Valid suppliers are:

  • mnist: This supplier provides MNIST data for the MNIST: Handwriting recognition example. It takes two parameters: images and labels, each of which, in turn, is a Standard Packaging.

    The MNIST supplier also takes care of creating a one-hot representation of the labels as well as normalizing the images. The images are presented to the network as single channel images (i.e., they are 3D).
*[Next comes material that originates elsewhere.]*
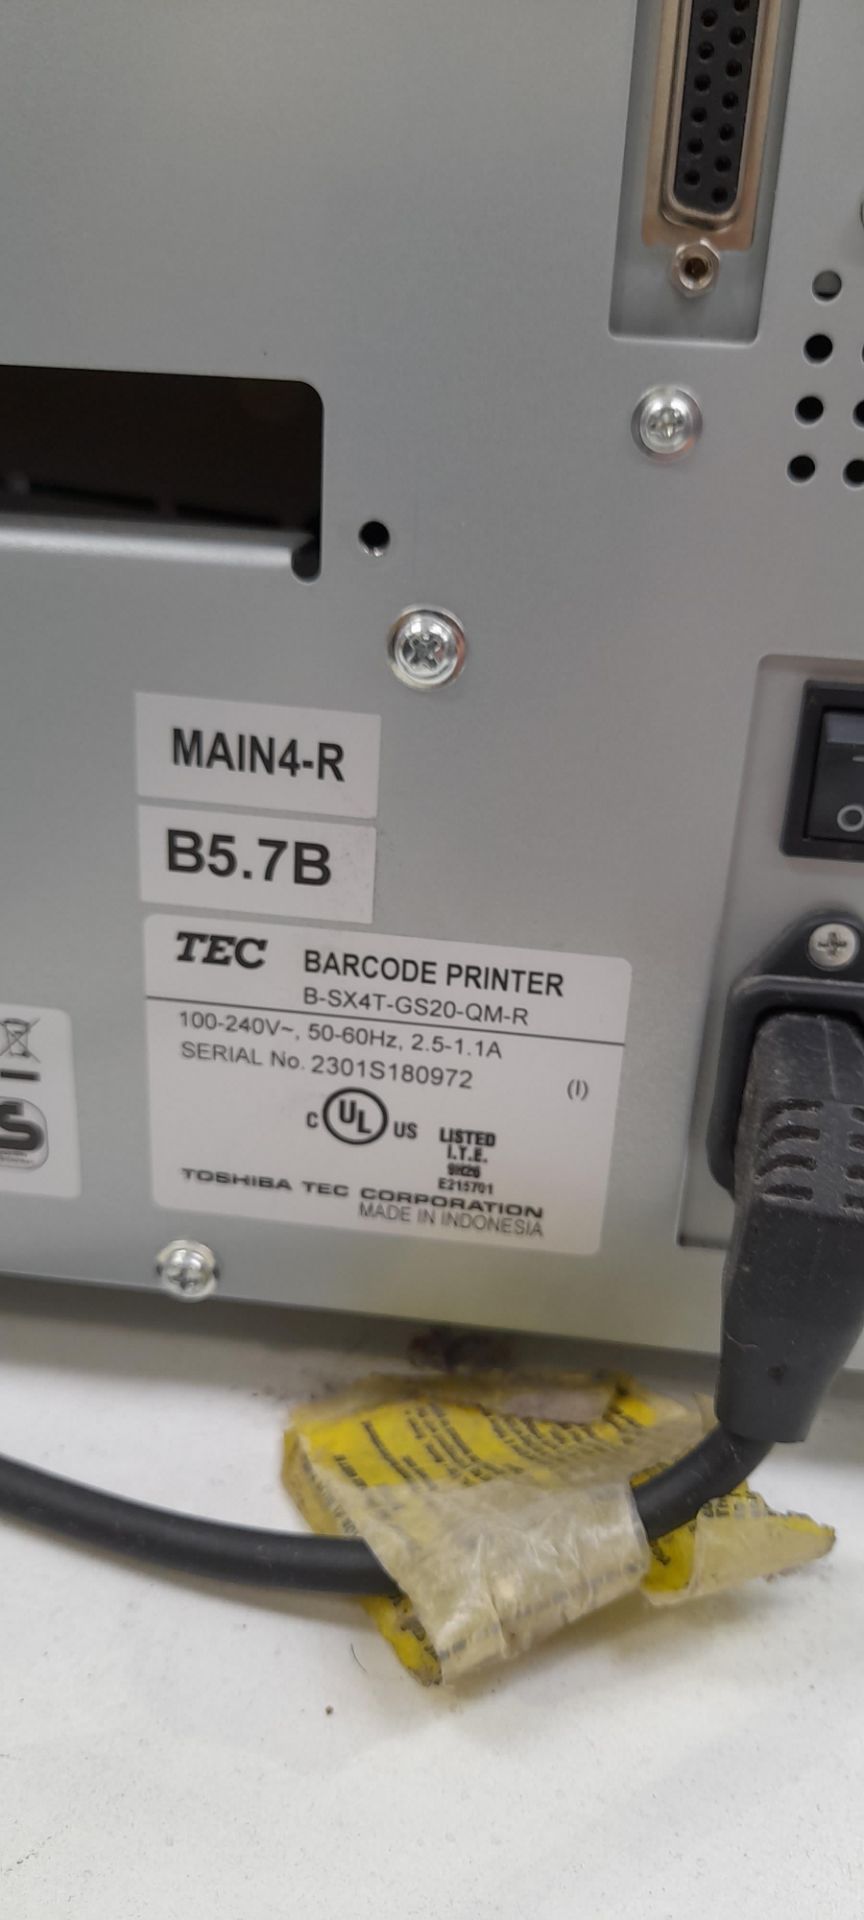 Toshiba TEC B-SX4T-GS20-QM-R Barcode printer - Image 3 of 4

  • cifar: This supplier provides CIFAR data for the CIFAR-10: Image Classification example. In addition to standard Standard Packaging, you can also specify:

    • parts: Which parts of the data set to load. CIFAR-10 splits the data sets into 6 pieces, named: 1, 2, 3, 4, 5, and “test”. If parts is not specified, all six pieces are loaded by the supplier; otherwise, parts can be a single piece to load, or a list of pieces to load.
  • pickle: Loads a pickled Python data structure. The pickled file is expected to contain a dictionary whose keys are strings naming the respective containers in the model, and whose values are numpy arrays. The name of the file is expected as the only argument to pickle: pickle: PATH.

  • numpy_dict: Loads a pickled Numpy dictionary. These files are created by taking a Python dictionary whose keys a strings naming the data, and whose values are numpy arrays, and saving the dictionary with numpy.save. The name of the file is expected as the only argument: numpy_dict: PATH.

  • jsonl: Loads data from a JSON-lines / line-delimited JSON / JSONL file. This file is just one JSON object per line. See here for more details on JSONL. The keys of the first object are taken to represent sources, which will pull from the value for that key at each step, which should be a tensor (i.e., rectangular JSON Array or a JSON Number) The name of the file is expected as the only argument to jsonl: jsonl: PATH.jsonl. One reason to use JSONL is that it permits arbitrary tensor shapes and number of data columns. One downside is that these JSONL files can become quite large for high-dimensional tensors, unless stored in compressed format.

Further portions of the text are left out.